Correlation coefficient value | Correlation type | Meaning |
---|---|---|
1 | Perfect positive correlation | When one variable changes, the other variables change in the same direction. |
0 | Zero correlation | There is no relationship between the variables. |
-1 | Perfect negative correlation | When one variable changes, the other variables change in the opposite direction. |
Visualizing linear correlations
The correlation coefficient tells you how closely your data fit on a line. If you have a linear relationship, you’ll draw a straight line of best fit that takes all of your data points into account on a scatter plot.
The closer your points are to this line, the higher the absolute value of the correlation coefficient and the stronger your linear correlation.
If all points are perfectly on this line, you have a perfect correlation.
If all points are close to this line, the absolute value of your correlation coefficient is high.
If these points are spread far from this line, the absolute value of your correlation coefficient is low.
Note that the steepness or slope of the line isn’t related to the correlation coefficient value. The correlation coefficient doesn’t help you predict how much one variable will change based on a given change in the other, because two datasets with the same correlation coefficient value can have lines with very different slopes.
Types of correlation coefficients
You can choose from many different correlation coefficients based on the linearity of the relationship, the level of measurement of your variables, and the distribution of your data.
For high statistical power and accuracy, it’s best to use the correlation coefficient that’s most appropriate for your data.
The most commonly used correlation coefficient is Pearson’s r because it allows for strong inferences. It’s parametric and measures linear relationships. But if your data do not meet all assumptions for this test, you’ll need to use a non-parametric test instead.
Non-parametric tests of rank correlation coefficients summarize non-linear relationships between variables. The Spearman’s rho and Kendall’s tau have the same conditions for use, but Kendall’s tau is generally preferred for smaller samples whereas Spearman’s rho is more widely used.
The table below is a selection of commonly used correlation coefficients, and we’ll cover the two most widely used coefficients in detail in this article.
Correlation coefficient | Type of relationship | Levels of measurement | Data distribution |
---|---|---|---|
Pearson’s r | Linear | Two quantitative (interval or ratio) variables | Normal distribution |
Spearman’s rho | Non-linear | Two ordinal, interval or ratio variables | Any distribution |
Point-biserial | Linear | One dichotomous (binary) variable and one quantitative (interval or ratio) variable | Normal distribution |
Cramér’s V (Cramér’s φ) | Non-linear | Two nominal variables | Any distribution |
Kendall’s tau | Non-linear | Two ordinal, interval or ratio variables | Any distribution |
Pearson’s r
The Pearson’s product-moment correlation coefficient, also known as Pearson’s r, describes the linear relationship between two quantitative variables.
These are the assumptions your data must meet if you want to use Pearson’s r:
- Both variables are on an interval or ratio level of measurement
- Data from both variables follow normal distributions
- Your data have no outliers
- Your data is from a random or representative sample
- You expect a linear relationship between the two variables
The Pearson’s r is a parametric test, so it has high power.

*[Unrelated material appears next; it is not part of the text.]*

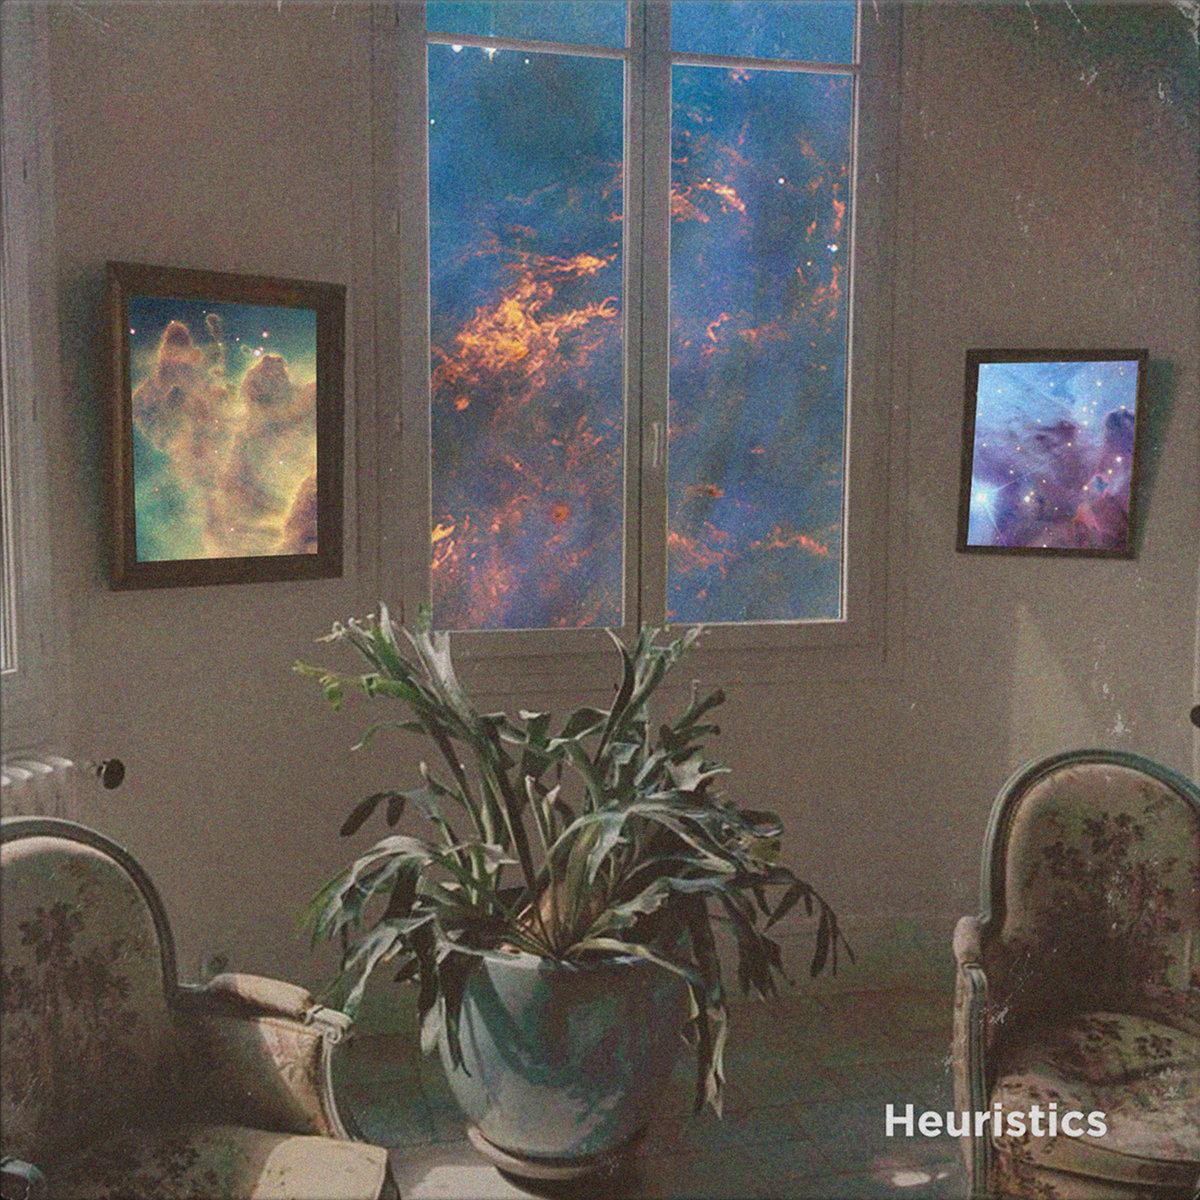 Mathieu Rouland - Heuristics [EP] (2018)

But it’s not a good measure of correlation if your variables have a nonlinear relationship, or if your data have outliers, skewed distributions, or come from categorical variables. If any of these assumptions are violated, you should consider a rank correlation measure.

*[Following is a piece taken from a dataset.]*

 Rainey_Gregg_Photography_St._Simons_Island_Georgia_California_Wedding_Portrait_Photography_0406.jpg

The formula for the Pearson’s r is complicated, but most computer programs can quickly churn out the correlation coefficient from your data. In a simpler form, the formula divides the covariance between the variables by the product of their standard deviations.
Formula | Explanation |
---|---|
|
Pearson sample vs population correlation coefficient formula
When using the Pearson correlation coefficient formula, you’ll need to consider whether you’re dealing with data from a sample or the whole population.

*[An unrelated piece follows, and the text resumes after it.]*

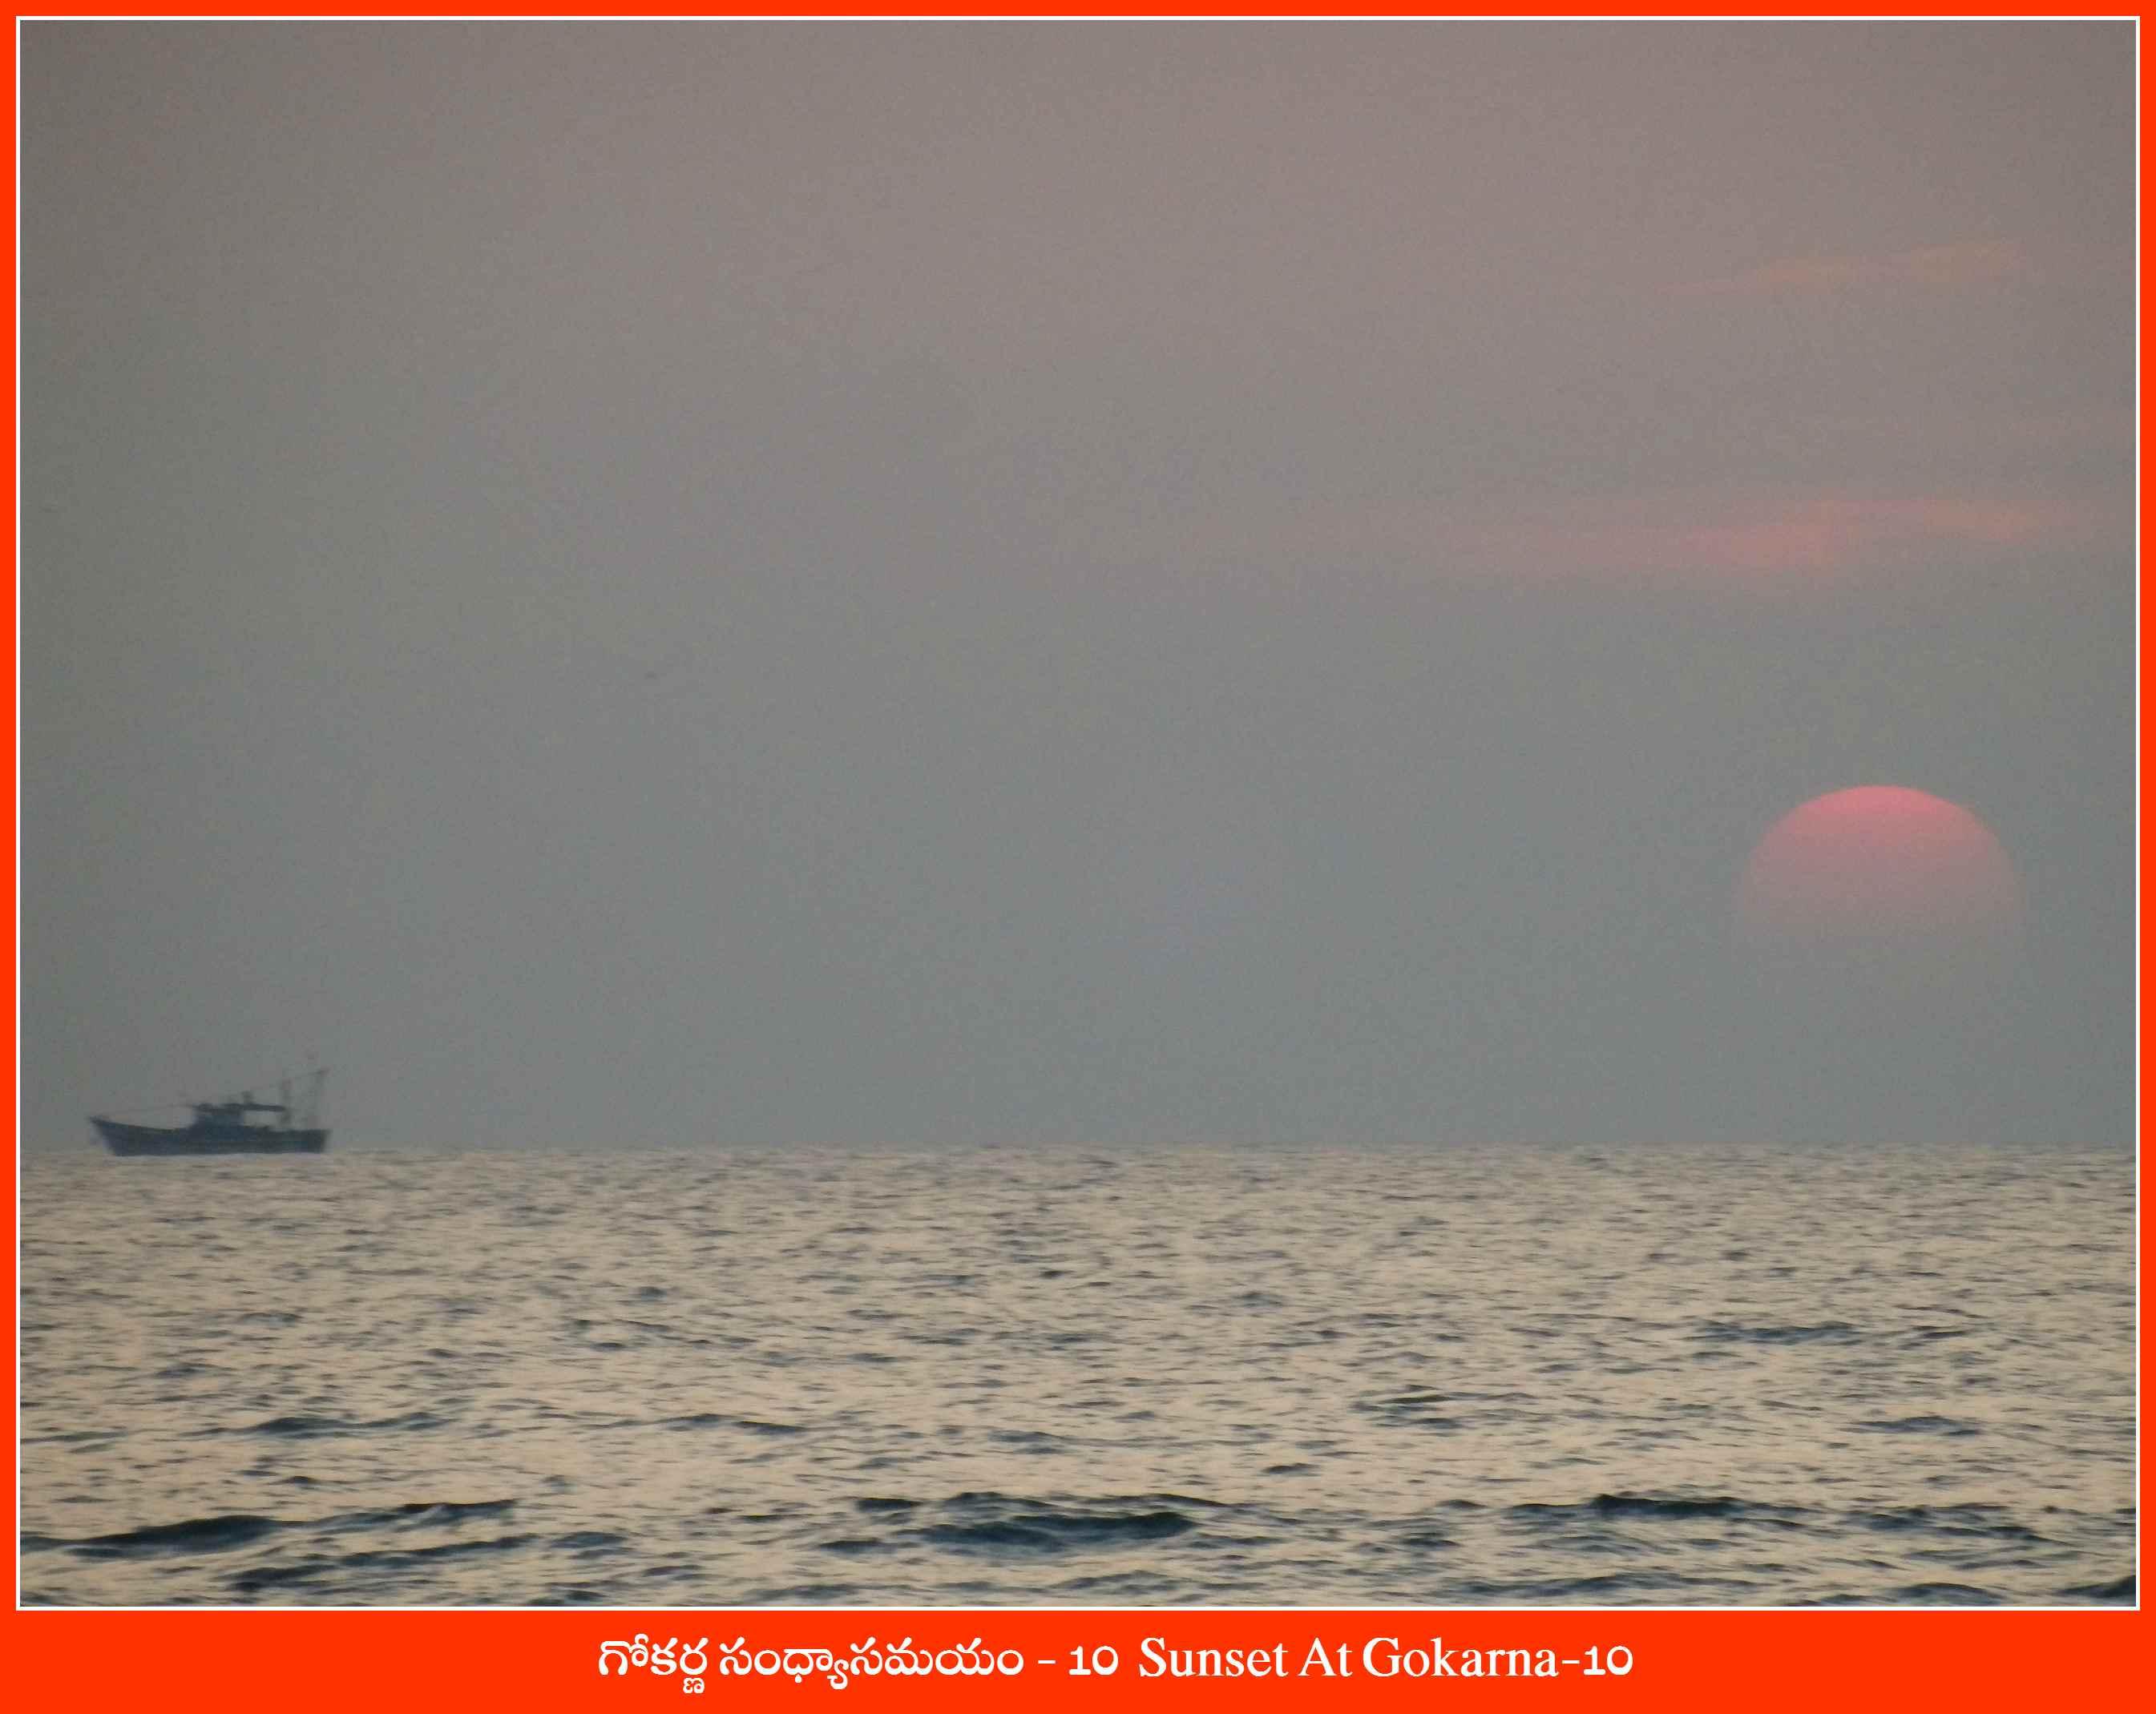 Sunset At Gokarna-10

The sample and population formulas differ in their symbols and inputs. A sample correlation coefficient is called r, while a population correlation coefficient is called rho, the Greek letter ρ.
The sample correlation coefficient uses the sample covariance between variables and their sample standard deviations.
Sample correlation coefficient formula | Explanation |
---|---|
|
The population correlation coefficient uses the population covariance between variables and their population standard deviations.
Population correlation coefficient formula | Explanation |
---|---|
|
Spearman’s rho
Spearman’s rho, or Spearman’s rank correlation coefficient, is the most common alternative to Pearson’s r. It’s a rank correlation coefficient because it uses the rankings of data from each variable (e.g., from lowest to highest) rather than the raw data itself.
You should use Spearman’s rho when your data fail to meet the assumptions of Pearson’s r. This happens when at least one of your variables is on an ordinal level of measurement or when the data from one or both variables do not follow normal distributions.
While the Pearson correlation coefficient measures the linearity of relationships, the Spearman correlation coefficient measures the monotonicity of relationships.
In a linear relationship, each variable changes in one direction at the same rate throughout the data range. In a monotonic relationship, each variable also always changes in only one direction but not necessarily at the same rate.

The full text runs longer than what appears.